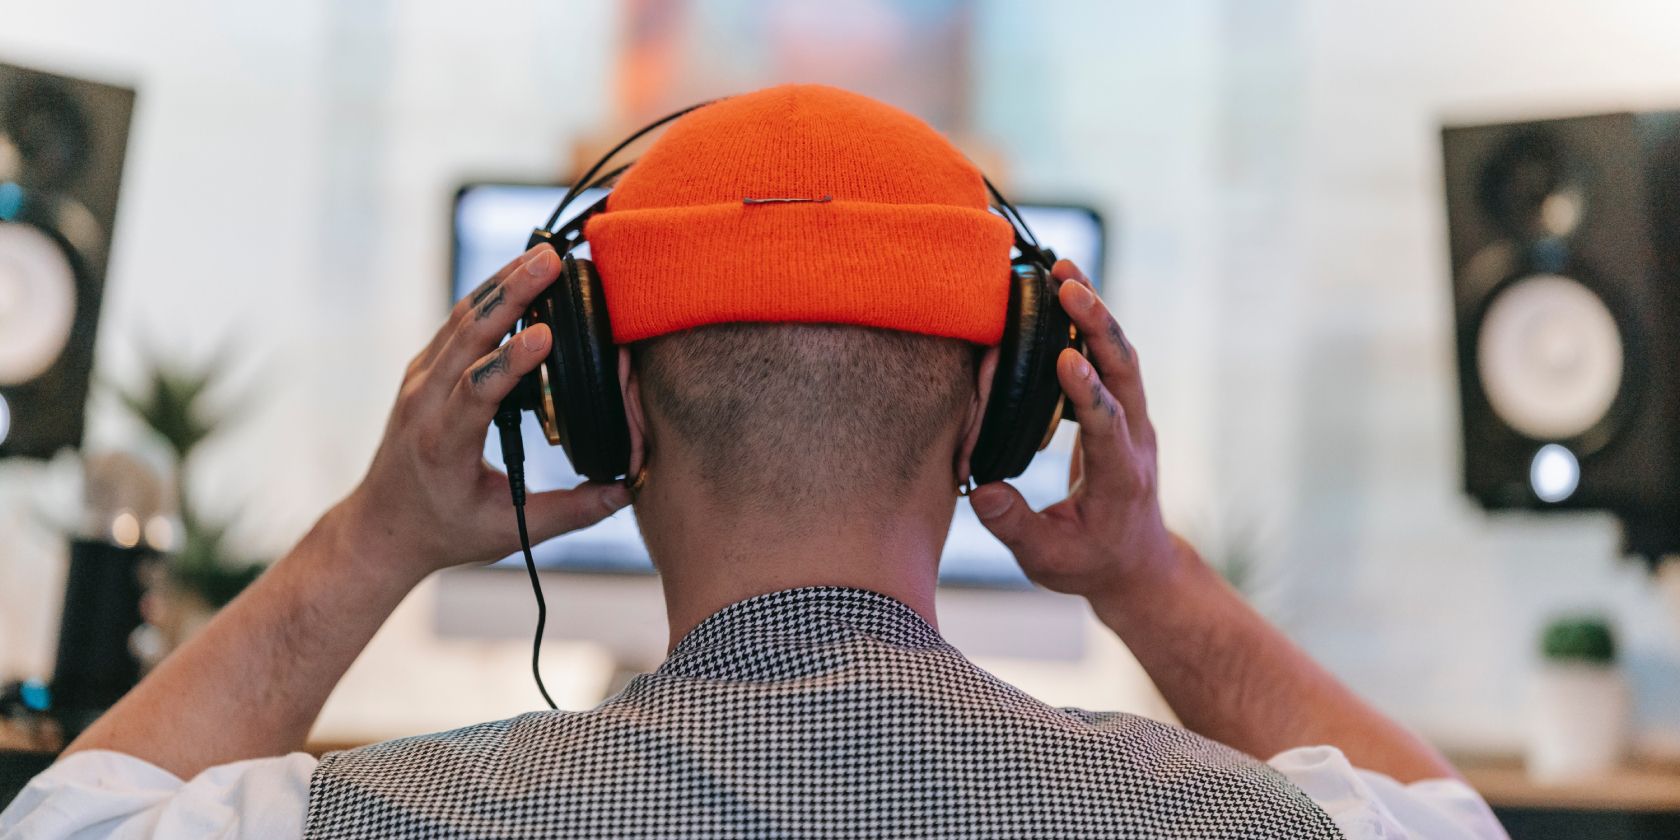 Người đeo tai nghe trước máy tính
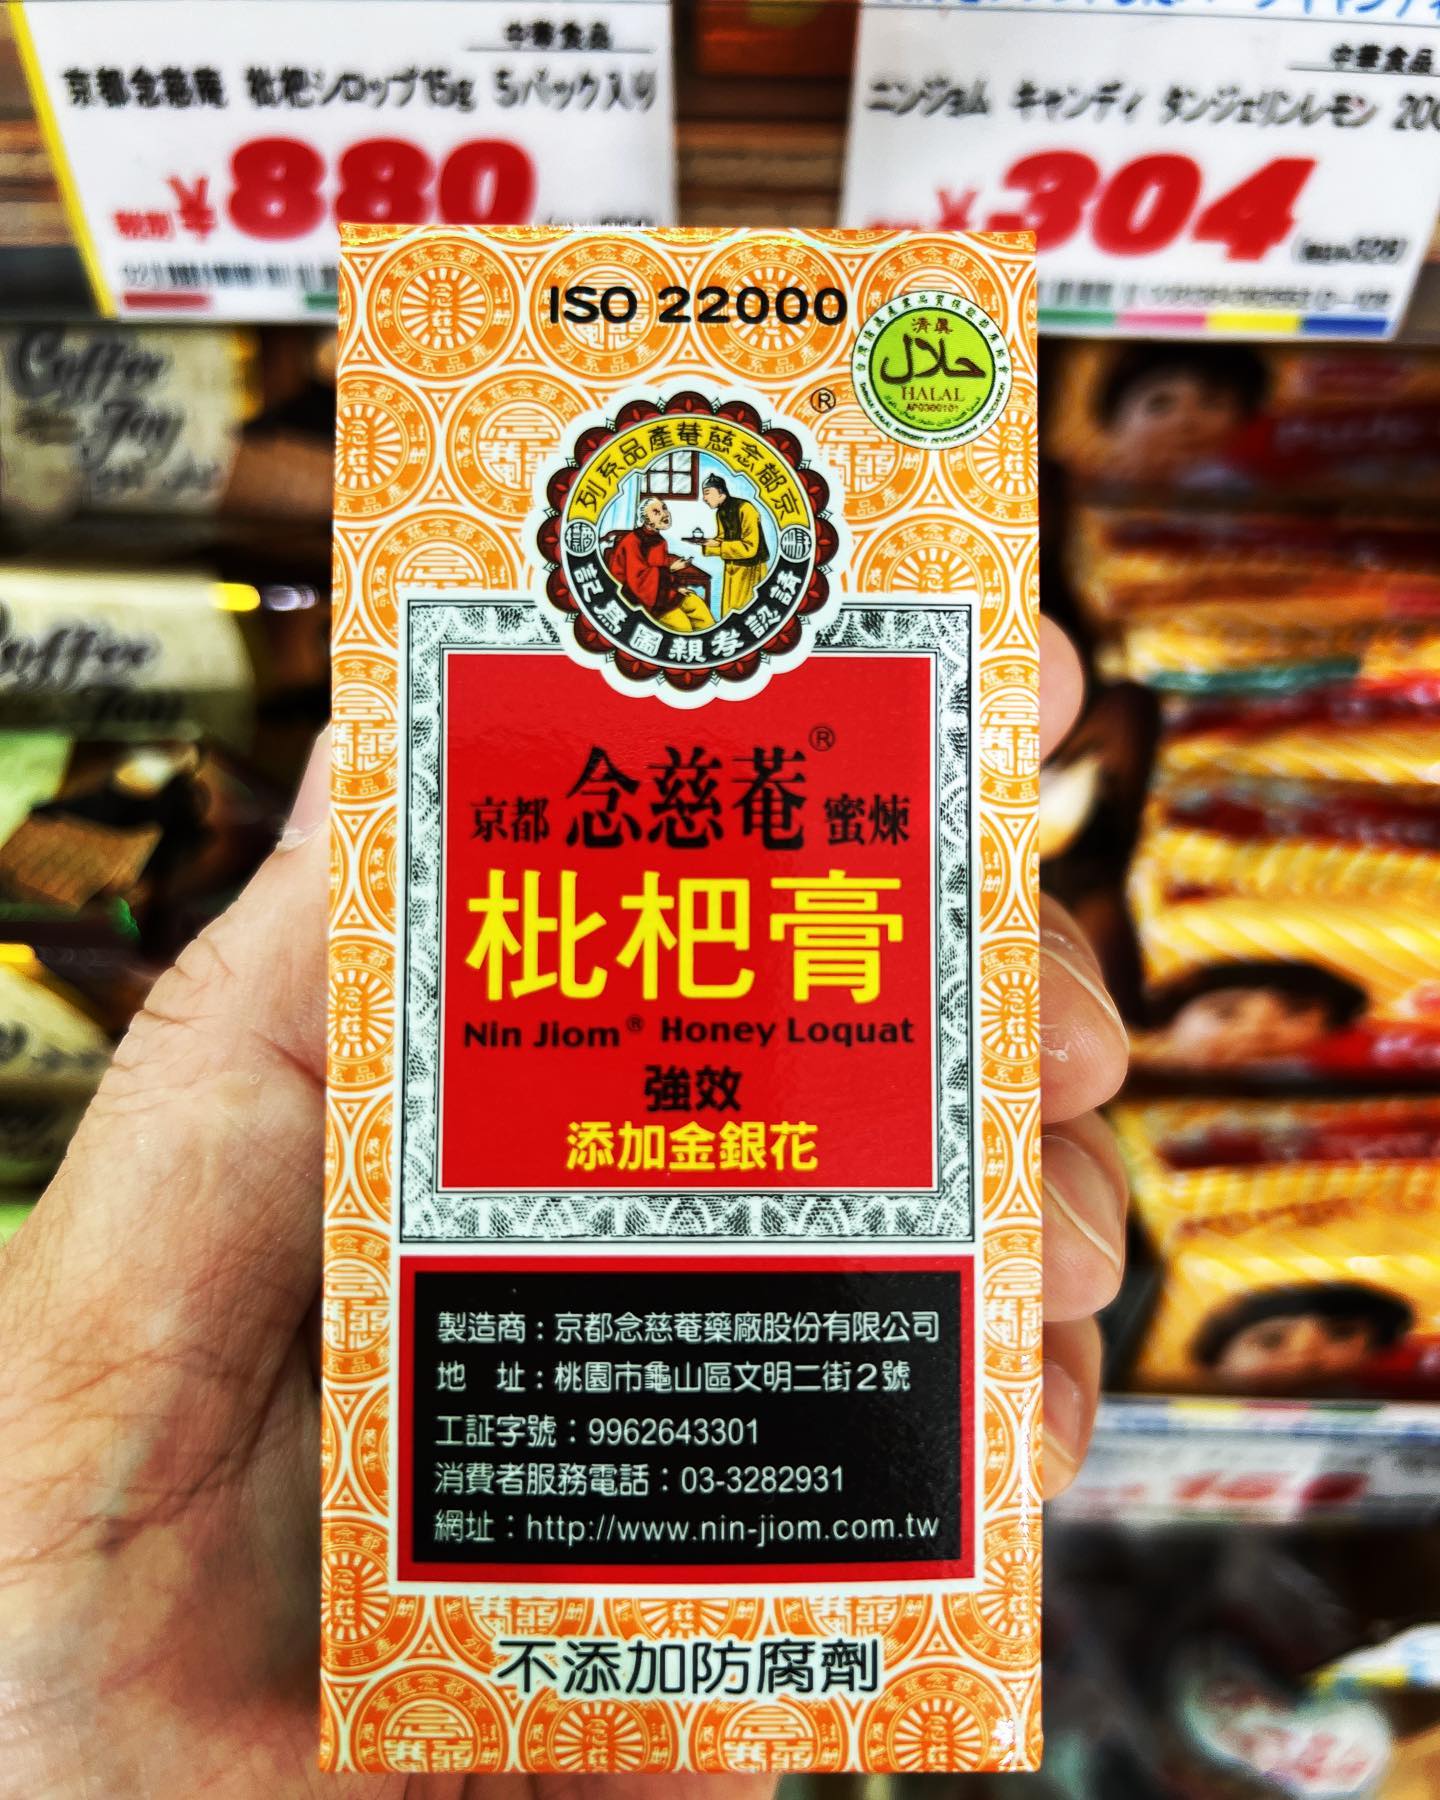 人気の台湾土産、喉に嬉しいびわシロップ「京都念慈庵の枇杷膏」おすすめの飲み方
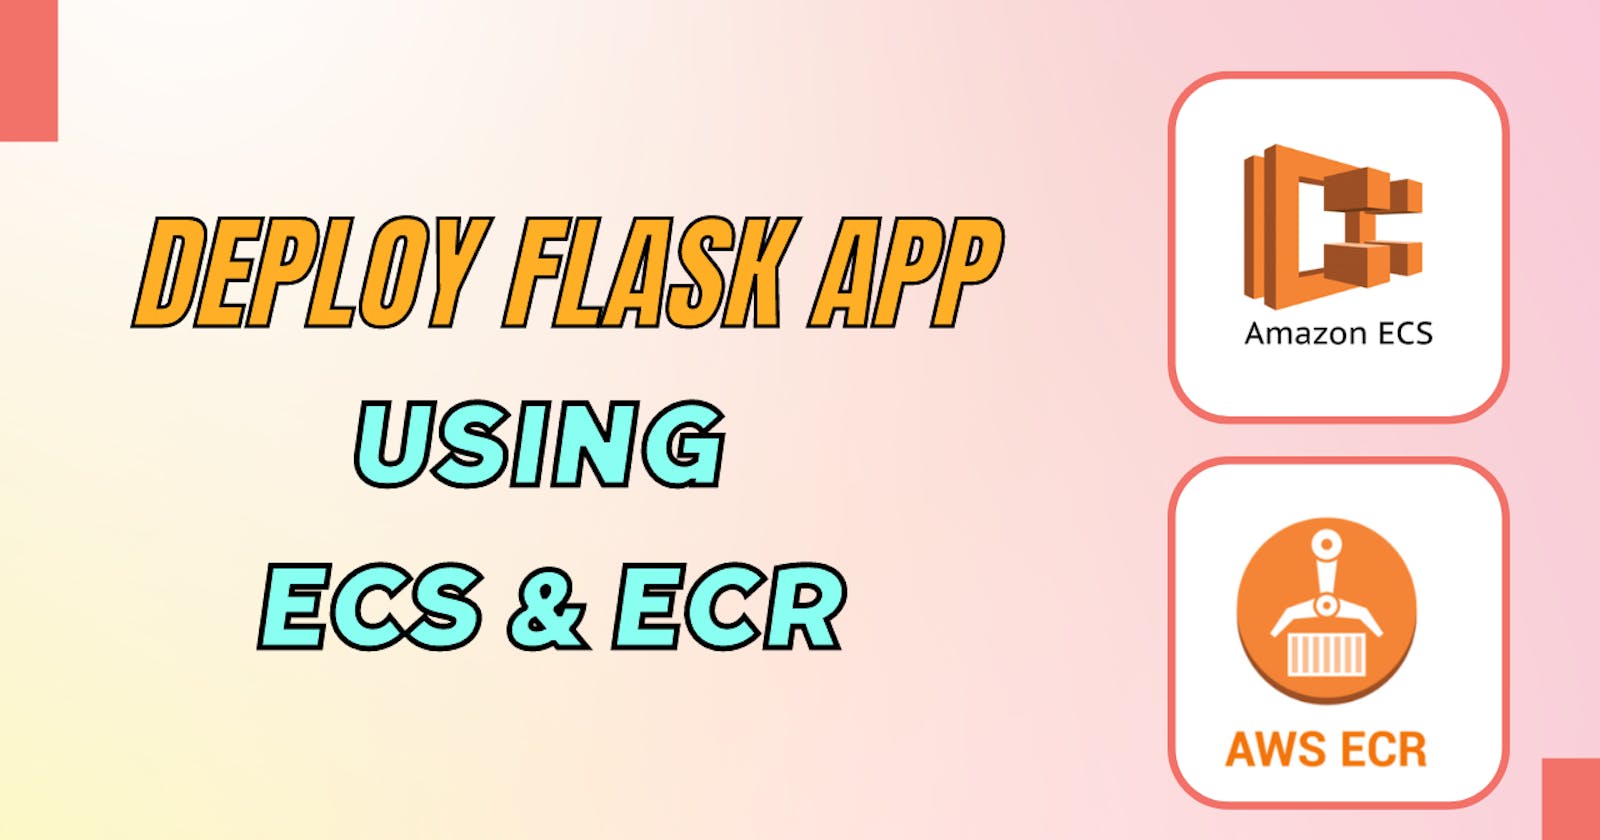 Deploy Flask App using ECS & ECR
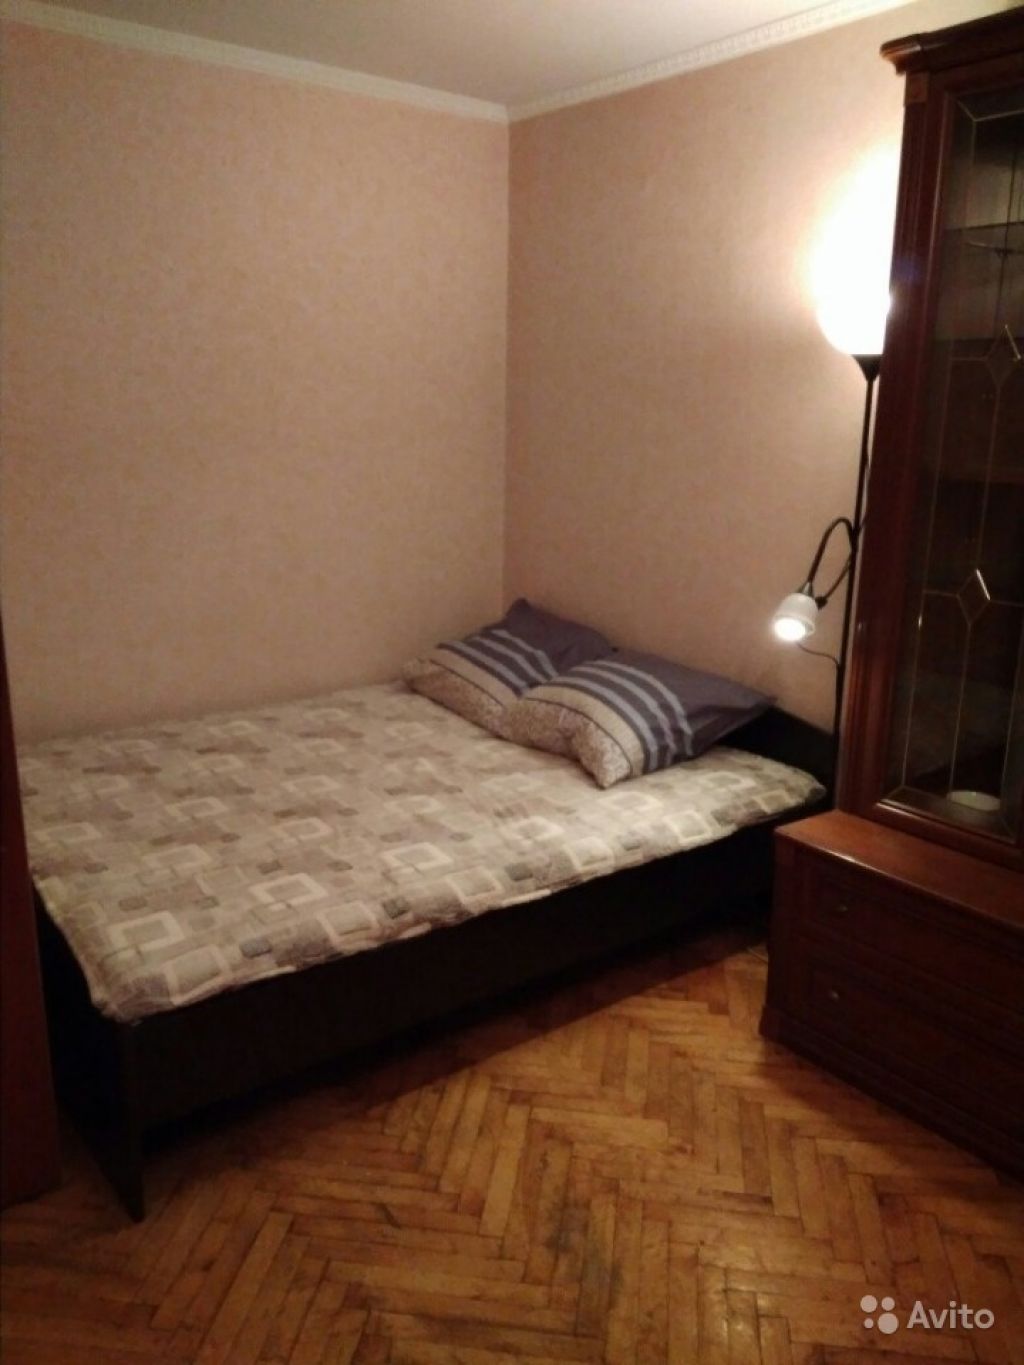 Сдам квартиру посуточно 1-к квартира 34 м² на 1 этаже 14-этажного панельного дома в Москве. Фото 1
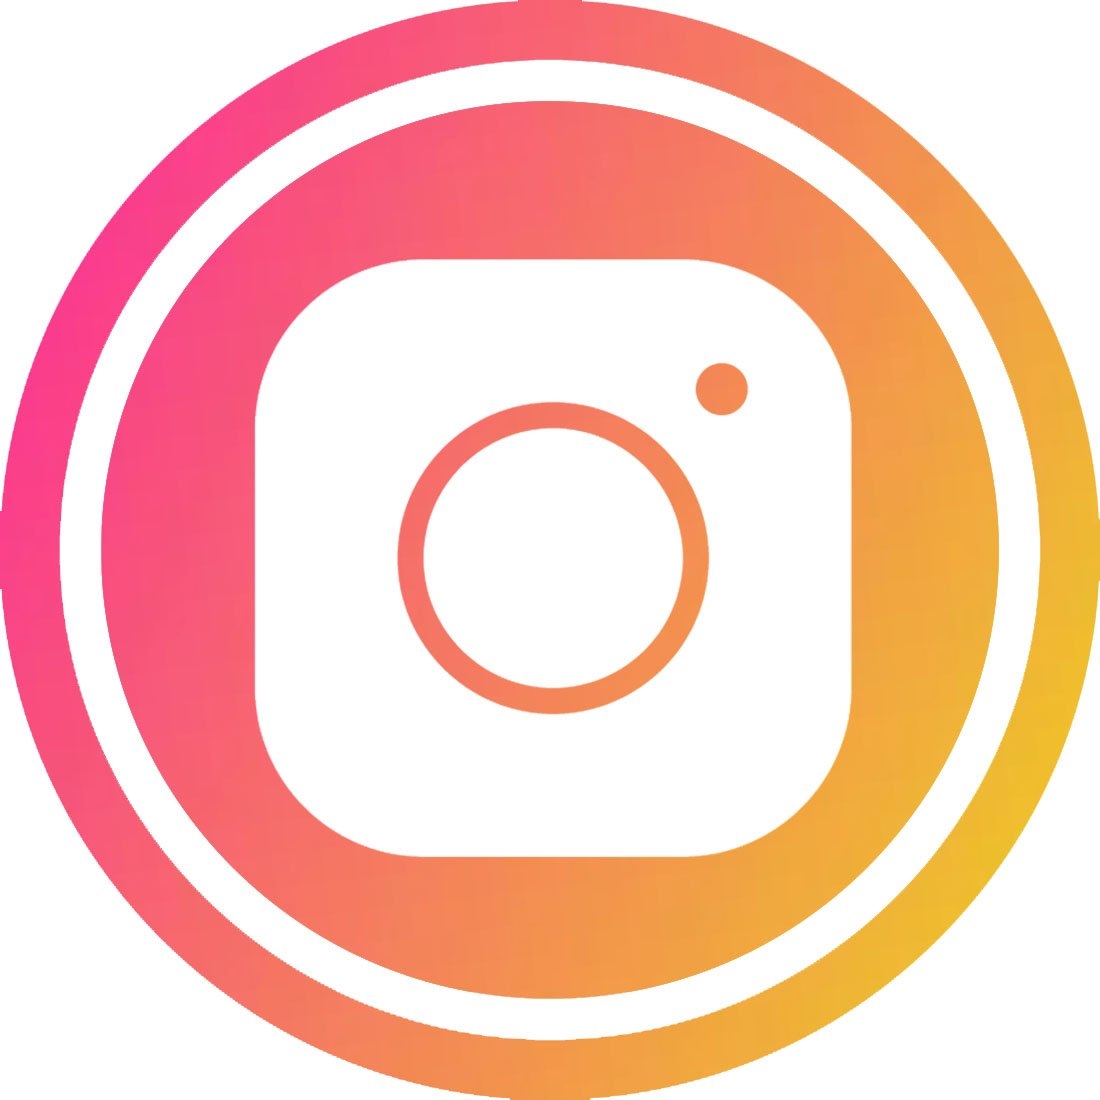 Аватарку в инстаграме в полном размере. Круглые аватарки. Круглый логотип. Логотип Instagram круглый. Инстаграм.

TASK STATEMENT
Omit the pictures and copy the records above exactly.

WRITTEN RESPONSE
 Người đeo tai nghe trước máy tính
 人気の台湾土産、喉に嬉しいびわシロップ「京都念慈庵の枇杷膏」おすすめの飲み方
 Deploy Flask App using ECS & ECR
 Сдам квартиру посуточно 1-к квартира 34 м² на 1 этаже 14-этажного панельного дома в Москве. Фото 1
 Аватарку в инстаграме в полном размере. Круглые аватарки. Круглый логотип. Логотип Instagram круглый. Инстаграм.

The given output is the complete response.